212  * Returns the species standard state density at the
213  * current temperature and pressure
214  *
215  * @return returns the standard state density
216  * units are kg m-3
217  */
218  virtual doublereal density() const;
219 
220  /**
221  * @}
222  * @name Properties of the Reference State of the Species
223  * in the Solution
224  * @{
225  */
226 
227  //! Return the molar gibbs free energy divided by RT at reference pressure
228  /*!
229  * Returns the species reference state gibbs free energy divided by RT at the
230  * current temperature.
231  *
232  * @return returns the reference state gibbs free energy divided by RT
233  */
234  virtual doublereal gibbs_RT_ref() const;
235 
236  //! Return the molar enthalpy divided by RT at reference pressure
237  /*!
238  * Returns the species reference state enthalpy divided by RT at the
239  * current temperature.
240  *
241  * @return returns the reference state enthalpy divided by RT
242  */
243  virtual doublereal enthalpy_RT_ref() const;
244 
245  //! Return the molar entropy divided by R at reference pressure
246  /*!
247  * Returns the species reference state entropy divided by R at the
248  * current temperature.
249  *
250  * @return returns the reference state entropy divided by R
251  */
252  virtual doublereal entropy_R_ref() const;
253 
254  //! Return the molar heat capacity divided by R at reference pressure
255  /*!
256  * Returns the species reference state heat capacity divided by R at the
257  * current temperature.
258  *
259  * @return returns the reference state heat capacity divided by R
260  */
261  virtual doublereal cp_R_ref() const;
262 
263  //! Return the molar volume at reference pressure
264  /*!
265  * Returns the species reference state molar volume at the
266  * current temperature.
267  *
268  * @return returns the reference state molar volume divided by R
269  * units are m**3 kmol-1.
270  */
271  virtual doublereal molarVolume_ref() const;
272 
273  /*
274  * Get the difference in the standard state thermodynamic properties
275  * between the reference pressure, po, and the current pressure.
276  */
277 
278  /**
279  * @}
280  * @name Mechanical Equation of State Properties
281  * @{
282  */
283 
284  //! Returns the pressure (Pa)
285  virtual doublereal pressure() const;
286 
287  //! Sets the pressure in the object
288  /*!
289  * Currently, this sets the pressure in the PDSS object.
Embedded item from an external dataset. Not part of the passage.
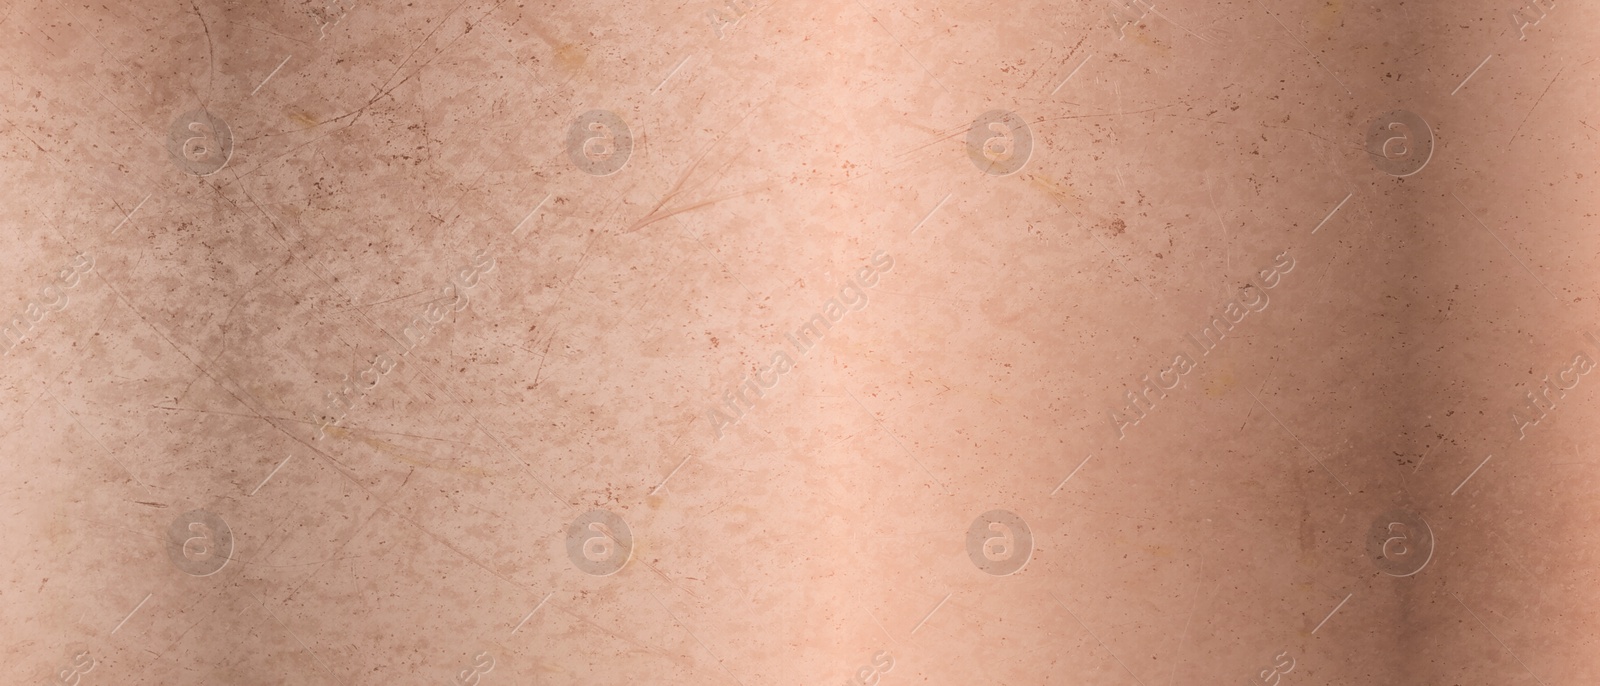 Image of Shiny bronze surface as background, closeup view

290  * It is indeterminant what happens to the owning VPStandardStateTP
291  * object and to the VPSSMgr object.
292  *
293  * @param pres Pressure to be set (Pascal)
294  */
295  virtual void setPressure(doublereal pres);
296 
297  //! Set the internal temperature
298  /*!
299  * @param temp Temperature (Kelvin)
300  */
301  virtual void setTemperature(doublereal temp);
302 
303  //! Return the current stored temperature
304  doublereal temperature() const;
305 
306  //! Set the internal temperature and pressure
307  /*!
308  * @param temp Temperature (Kelvin)
309  * @param pres pressure (Pascals)
310  */
311  virtual void setState_TP(doublereal temp, doublereal pres);
312 
313  //! Set the internal temperature and density
314  /*!
315  * @param temp Temperature (Kelvin)
316  * @param rho Density (Pascals)
317  */
318  virtual void setState_TR(doublereal temp, doublereal rho);
319 
320  /**
321  * @}
322  * @name Miscellaneous properties of the standard state
323  * @{
324  */
325 
326  /// critical temperature
327  virtual doublereal critTemperature() const;
328 
329  /// critical pressure
330  virtual doublereal critPressure() const;
331 
332  /// critical density
333  virtual doublereal critDensity() const;
334 
335  /// saturation pressure
336  /*!
337  * @param t Temperature (Kelvin)
338  */
339  virtual doublereal satPressure(doublereal t);
340 
341  /**
342  * @}
343  * @name Initialization of the Object
344  * @{
345  */
346 
347  //! Initialization of a PDSS object using an
348  //! input XML file.
349  /*!
350  *
351  * This routine is a precursor to constructPDSSXML(XML_Node*)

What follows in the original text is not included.